Sensacyjne bramki samobójcze, bójki między kolegami z drużyny, błędy i... Weekend Serie A, jakiego jeszcze nie było

Udinese pokonało Lecce po rzucie karnym wykorzystanym przez Luccę. Napastnik chciał kopnąć piłkę, mimo że nie był wyznaczonym zawodnikiem (Thauvin), co rozgniewało jego kolegów z drużyny, którzy najpierw próbowali odebrać mu piłkę, a następnie nie świętowali razem z nim gola. Kilka minut później Runjaic zastąpił Luccę.
Mocne podanie do tyłu, bez oglądania się na ustawienie Mereta: błąd Amira Rrahmaniego był błędem zasługującym na karę śmierci, samobójczy gol, który natychmiast skomplikował wyprawę Napoli do Como.

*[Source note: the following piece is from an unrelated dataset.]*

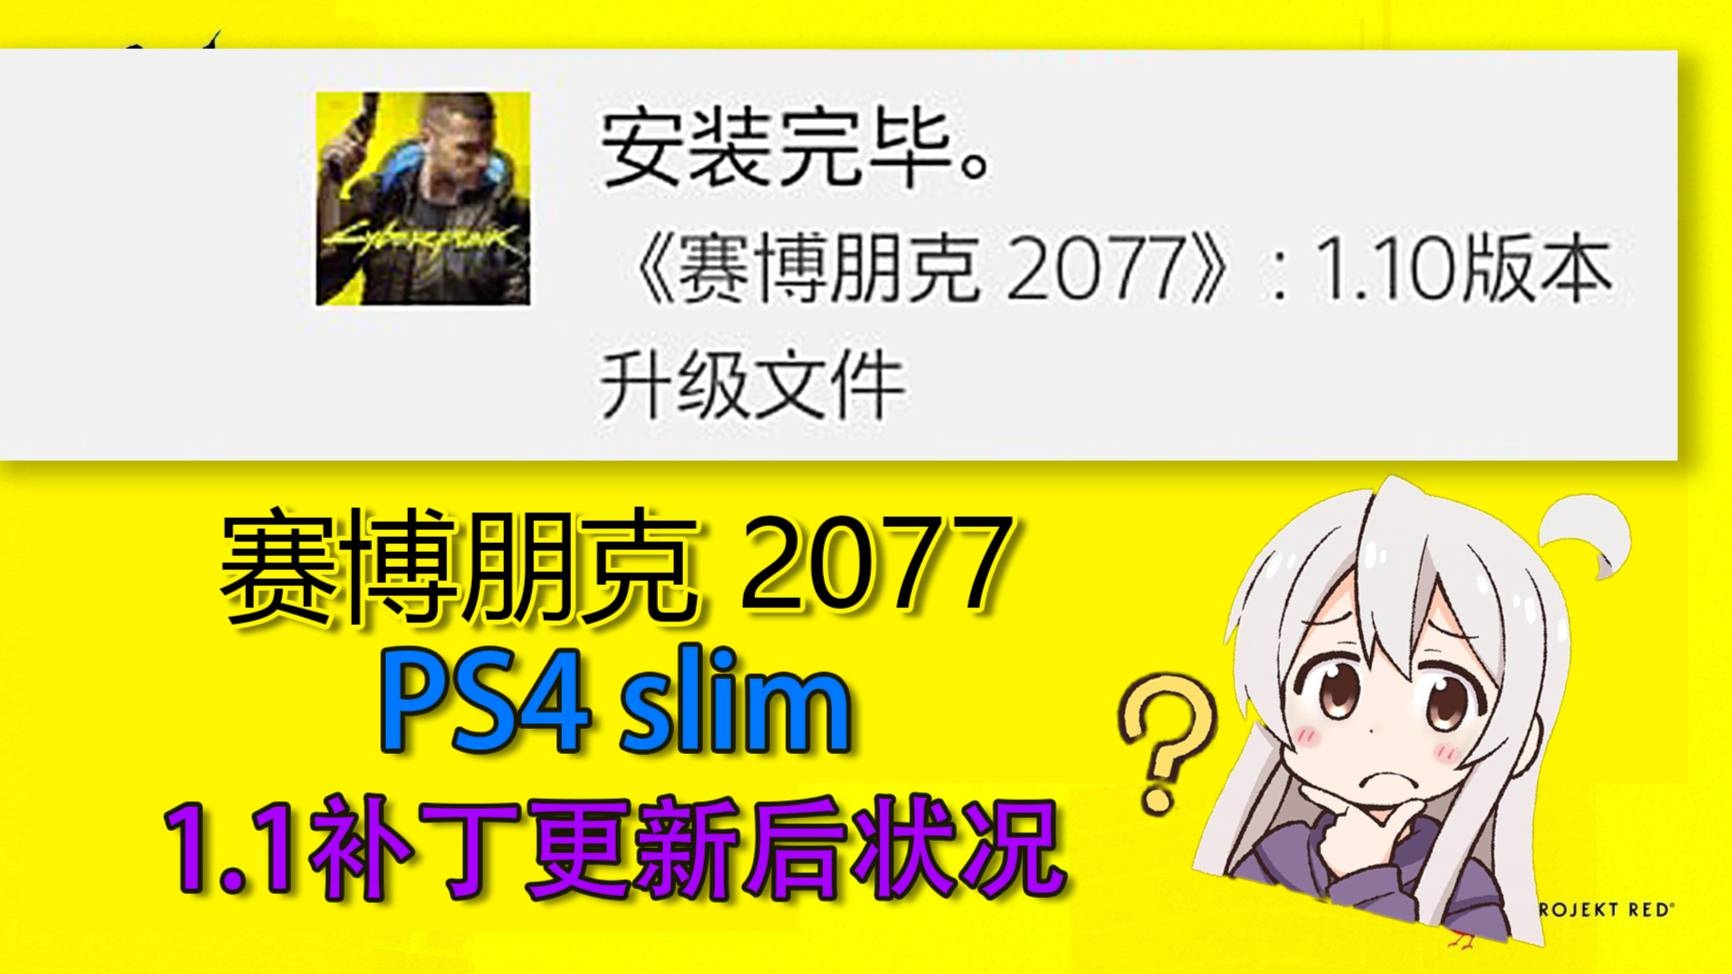 赛博朋克2077 PS4 slim 最新1.10补丁更新后游戏情况,现在可以玩了吗?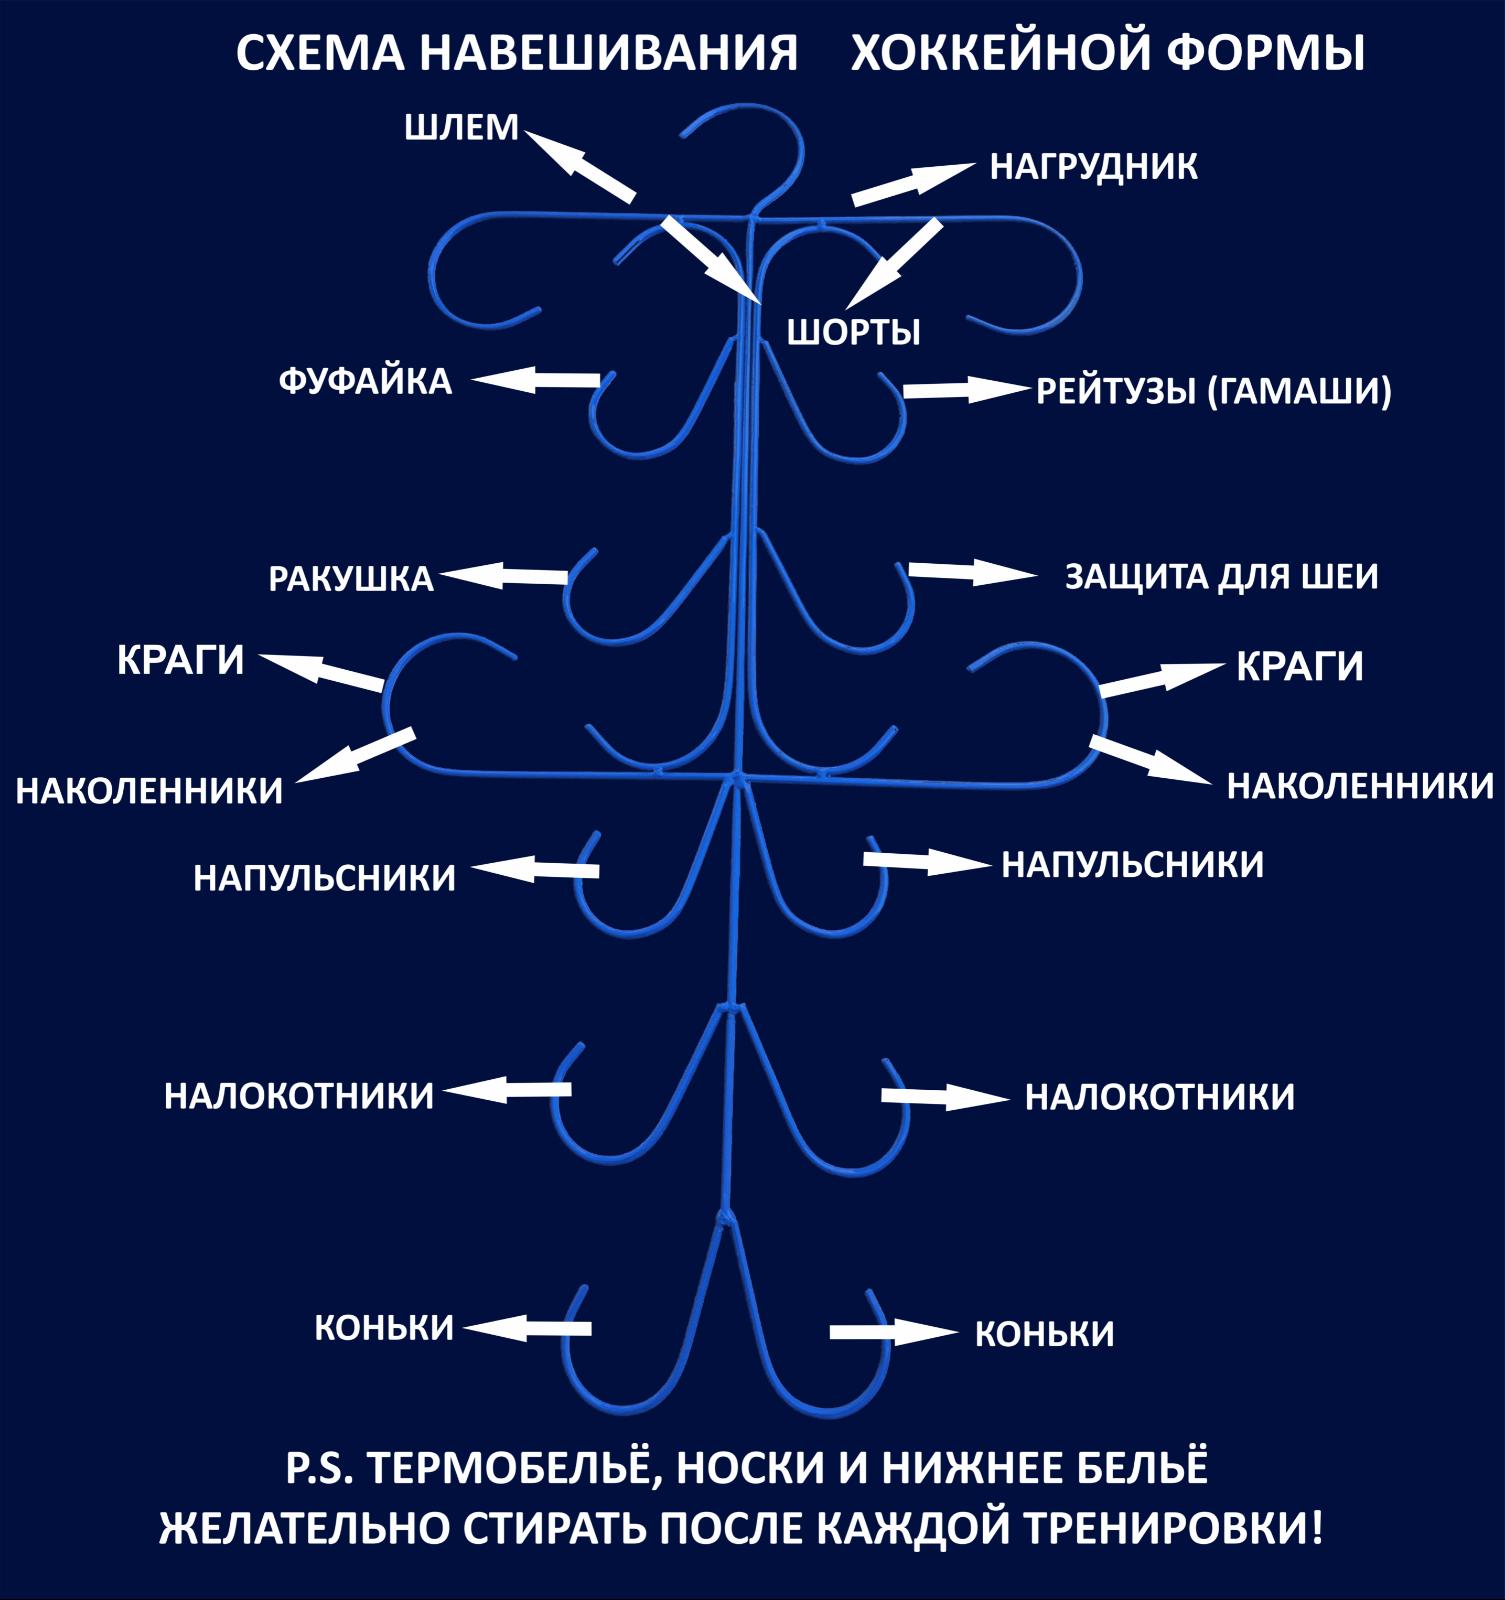 Схема навешиванияхоккейной экипировки на вешалкуGermanHokk

Pod presją Sanabrii Thiaw zabezpiecza wyjście Maignana. Bramkarz Milanu przybywa na boisko wcześnie i wybija piłkę, ale zamiast niej trafia swojego kolegę z drużyny. Odbicie piłki posłało ją do bramki, a Rossoneri od razu stanęli przed trudnym zadaniem w starciu z Torino.
Strzał czy dośrodkowanie? Druga opcja jest zdecydowanie bardziej prawdopodobna. Davide Zappacosta szukał podania na środku, ale piłka po zmianie kierunku przez Gyasiego miała tak nieprzewidywalny tor lotu, że minęła Silvestriego, co dało początek piątemu golowi Atalanty w Empoli.